Your goal: Could you please output all of the data exactly, without the images?

Exercise data:

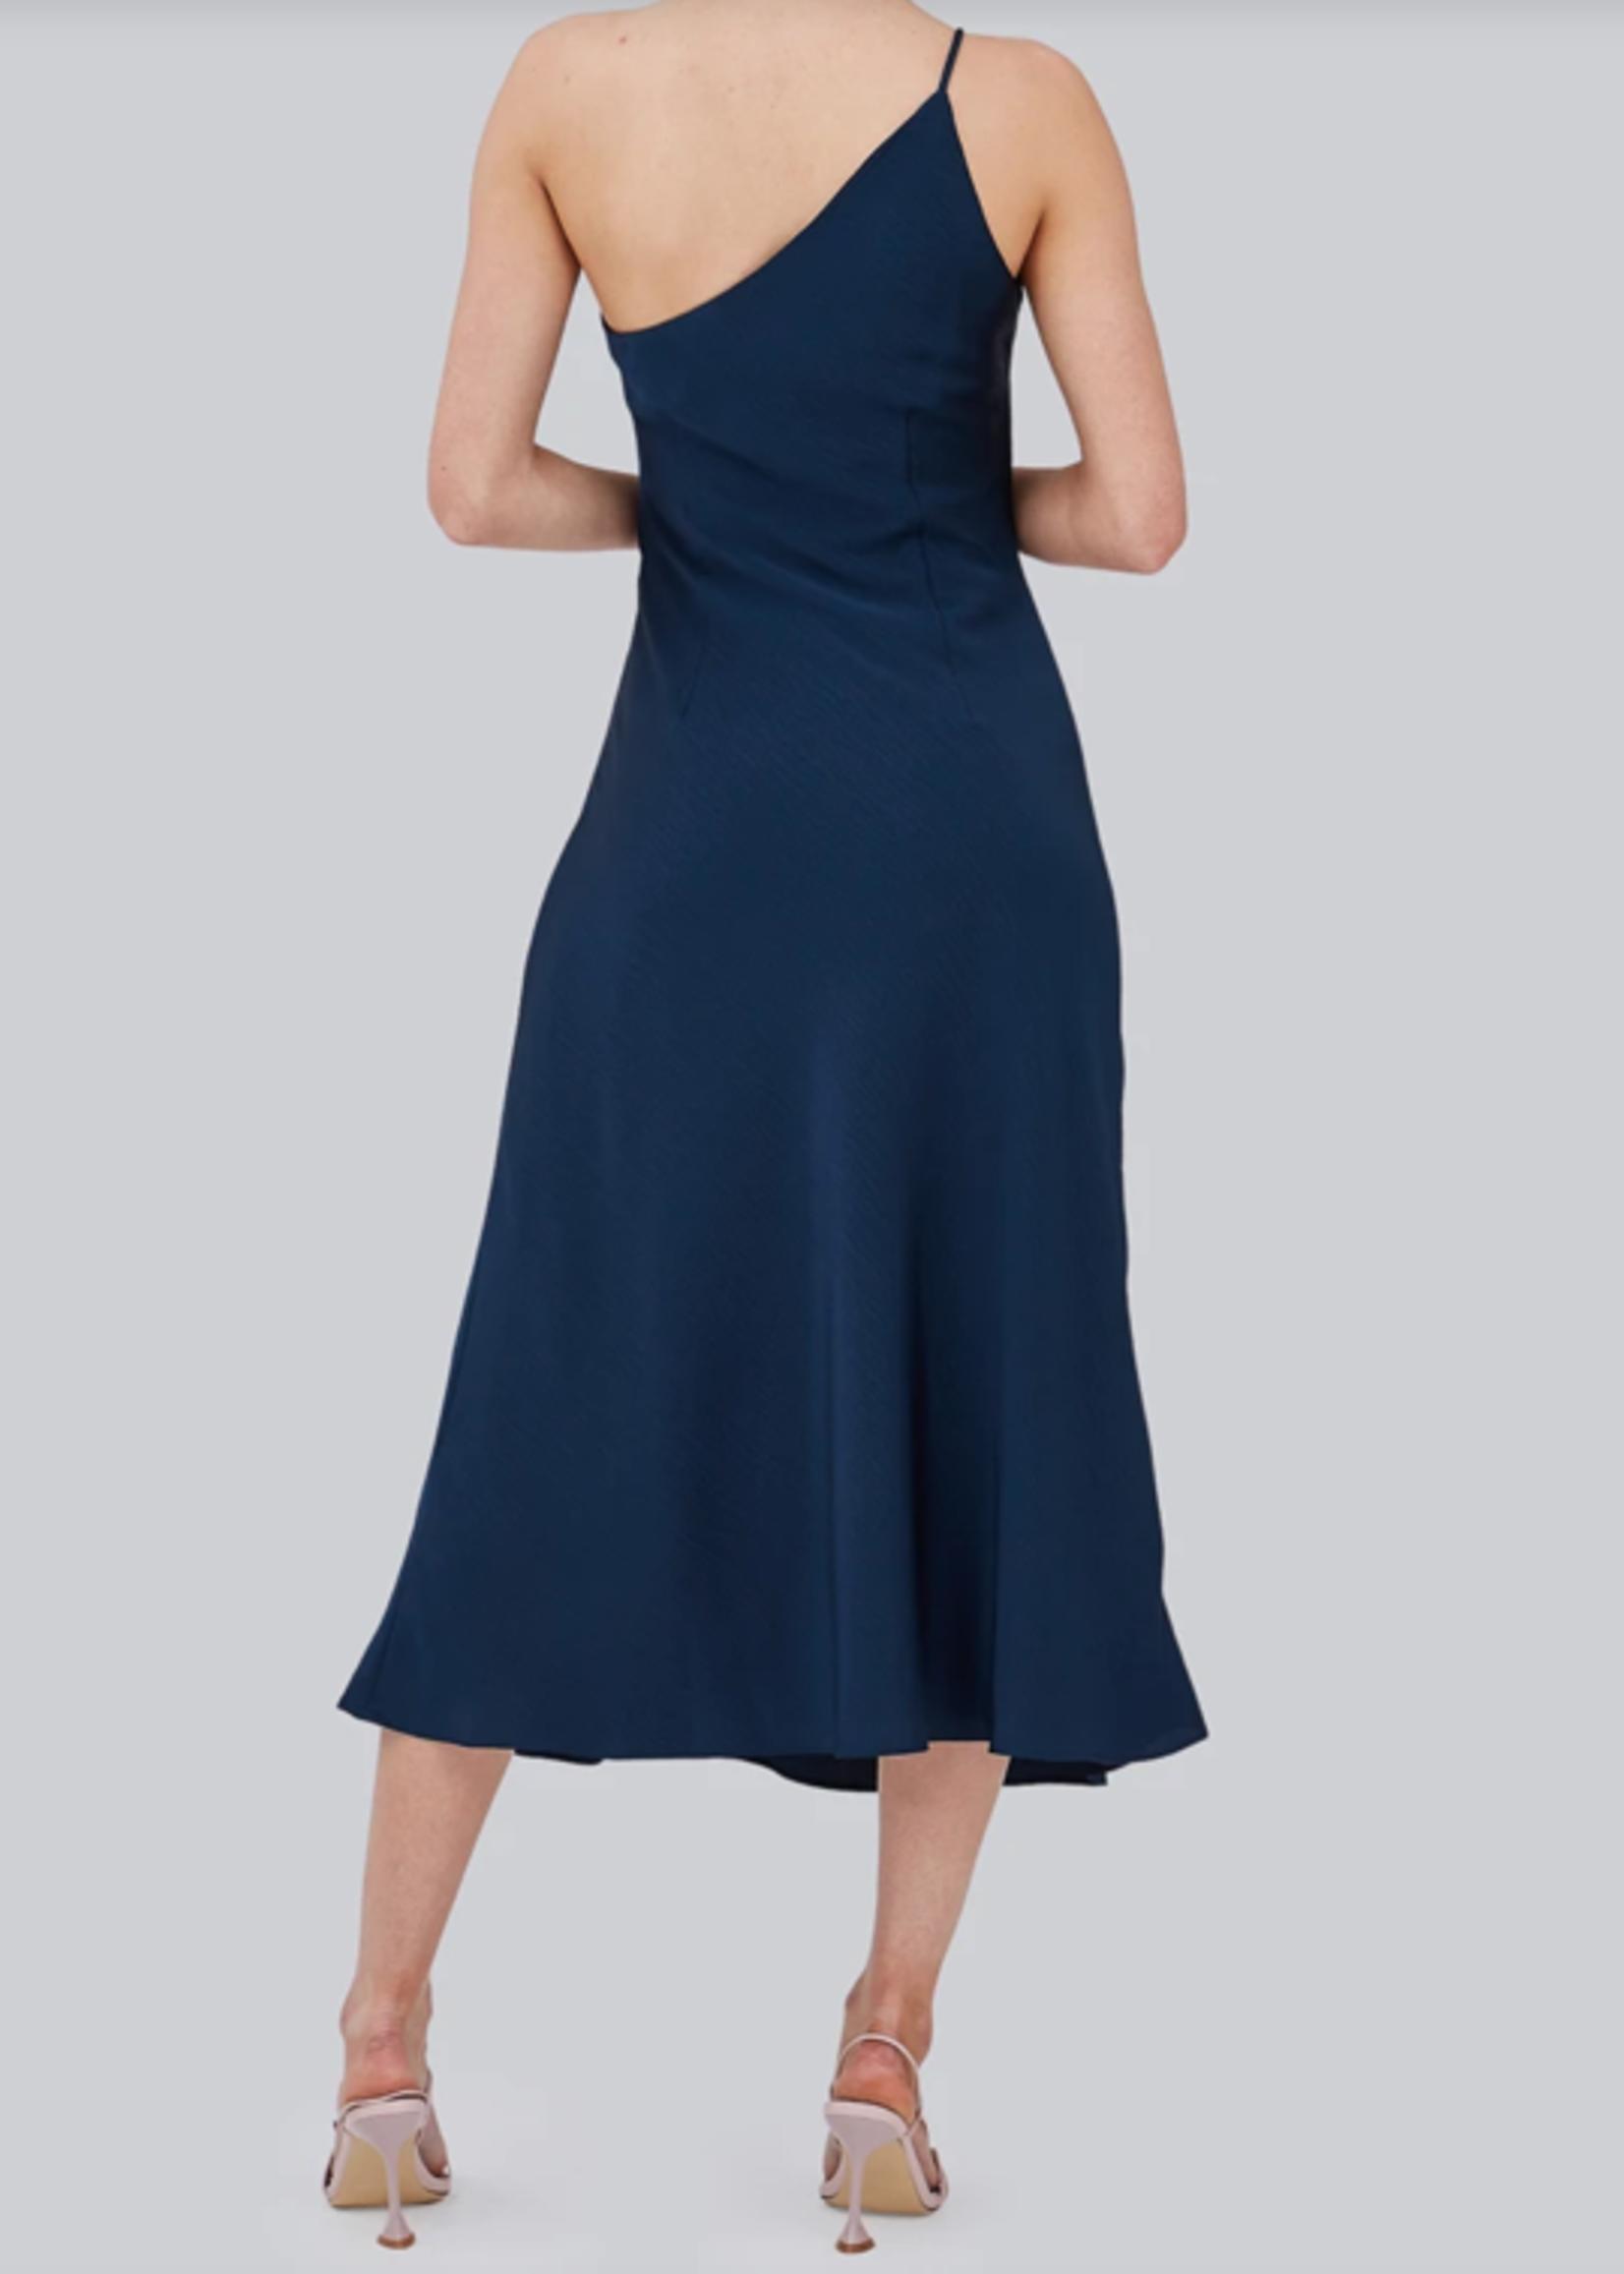 Elitaire Boutique The Avenue Midi Dress in Midnight
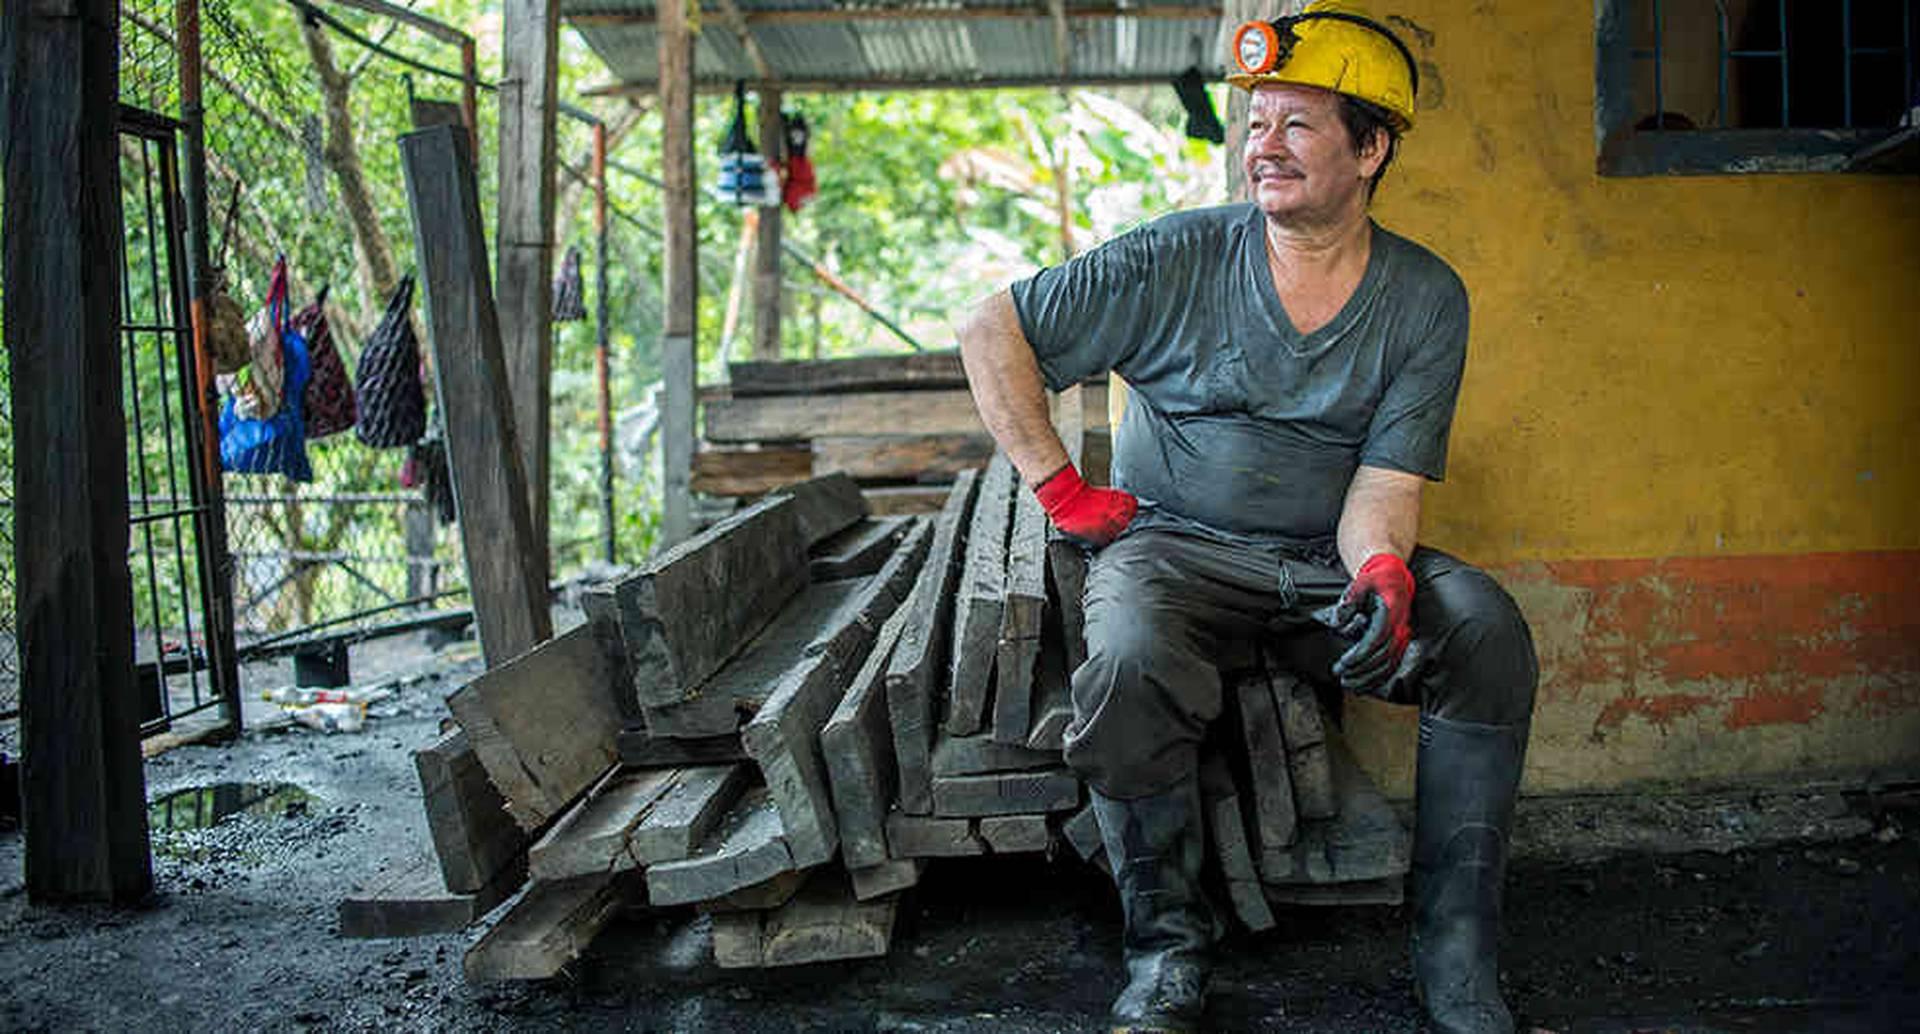 La voluntad de la comunidad hizo que la percepción de este sector minero comprometido se este transformando.
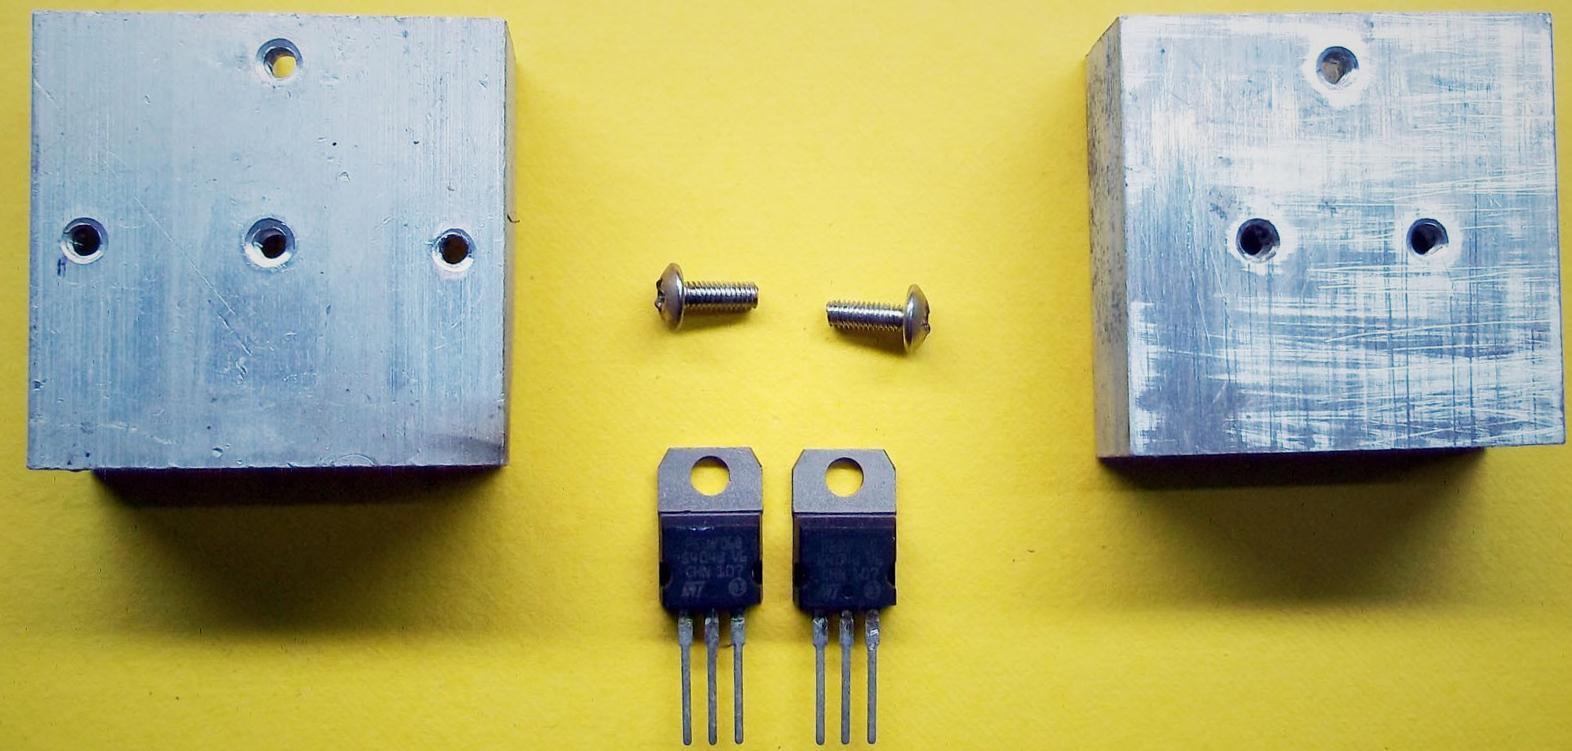 Использование драйвера ключей нижнего и верхнего уровней IR2110 — объяснение и примеры схем

Exercise answer:
 Elitaire Boutique The Avenue Midi Dress in Midnight
 La voluntad de la comunidad hizo que la percepción de este sector minero comprometido se este transformando.
 Использование драйвера ключей нижнего и верхнего уровней IR2110 — объяснение и примеры схем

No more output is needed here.